Rain has me home this Saturday instead of photographing, and among the editing, cleaning, and prepping for a Halloween shindig for my teenagers tomorrow afternoon, I’m also thinking. It’s what I do – All. The. Time. Today, my mind has landed heavily on something I’ve been meaning to write down for years. Pardon me while I write a bit of my heart’s cry…
I have officially photographed weddings for nearly 14 years professionally. That’s hundreds of weddings. Over the years, I’ve come to love wedding days more and more. I love the details, the ever-changing color schemes, and the wedding dress styles, the gorgeous flowers… I love working with wonderful vendors and fabulous families. I love the sweet nerves and tears of the first look, whether it be down the aisle or a few hours before, privately.
Often, I enjoy the comradery of wedding parties, but so many times, I seriously struggle during that half hour of photography with my bride and groom and the people they chose to stand alongside them, which easily spills into the rest of the day.
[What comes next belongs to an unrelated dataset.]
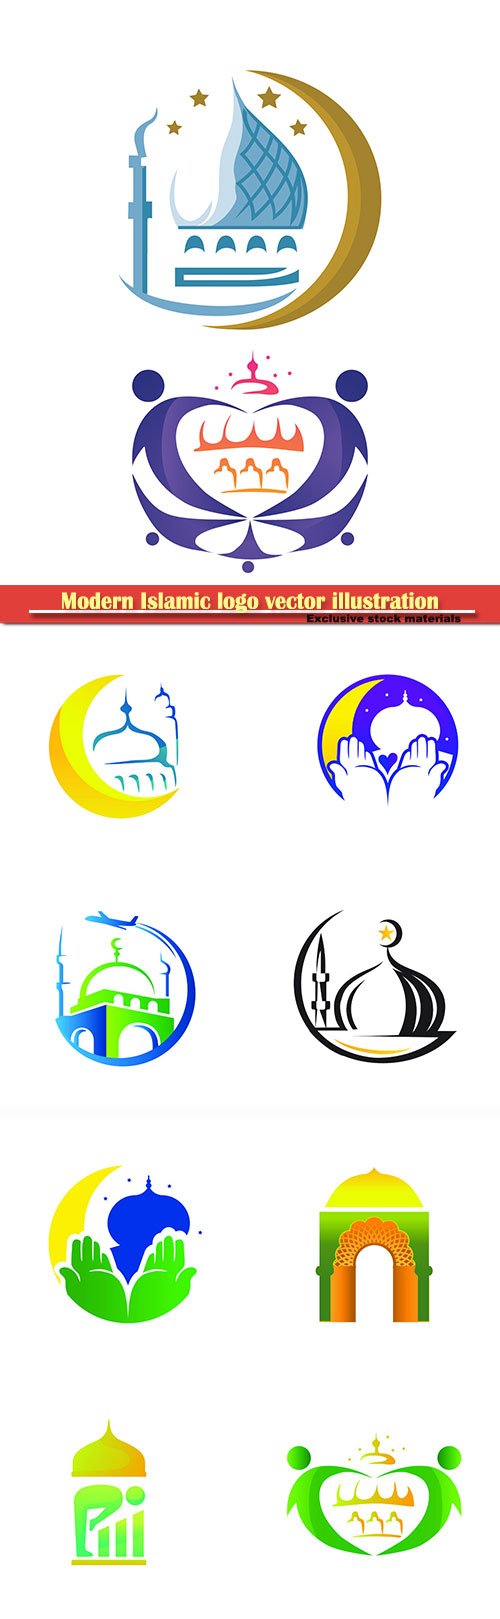 Modern Islamic logo vector illustration

And this breaks my heart.
Wedding parties, traditionally, are the people we want to include in the events leading up to the big day, during the ceremony, and at the reception. Brides and grooms are to give their nearest and dearest friends these roles because it’s meaningful – meaningful on that day. The wedding party should back them in the months before and the years after their wedding. They are usually sisters, brothers, college roommates and childhood best friends. (I had my childhood best friend, my two high school and college besties and my fabulous sister-in-law in my wedding and I didn’t regret it one bit!)
I’ve seen moms and dads as matron of honor and best man; I’ve seen kids stand right next to their parents as their “best of” and do a bang-up job in supporting and loving them down the aisle and beyond. But more often than not, I see that bridal parties are somewhat filled half-heartedly to, what? Maybe evenly fill the wedding ceremony space? I see inebriated groomsmen not quite able to take care of arriving on time and getting dressed themselves, much less help to support the groom and ready him for HIS day. I see bridesmaids care more about their Instagram selfies and social media standing in their beautiful gowns than swooning over the bride in her glowing glory. I’ve literally watched bridesmaids ignore the bride as she walked in for the reveal, and be “catty” all day long over their “need” for a better make-up artist! And the stories I have of groomsmen over the years are simply horrific – you’d not begin to imagine. I had to add a sexual harassment clause to my wedding contract after an incident about five years ago; and I come pretty close to walking out of weddings from time to time over actions and downright nasty words from drunk groomsmen these days.
So, brides and grooms - how do you choose attendants? Think of who has been the biggest support in your life. Remember who has prayed over you and encouraged you; remember someone who has held you accountable over the years during the good and the hard times. Invite those to stand beside you who will love and support your marriage completely. Bridesmaids and groomsmen aren’t simply there to dress up your ceremony and photos! Their presence should testify to their agreement with and promise to support the lifelong commitment you’re making.
Who you ask to stand with you should also be willing and able to walk with you for years after – choose wisely, friends.
(This precious wedding party of Allan and Kelsey Cooley last year was one of my all-time favorites!)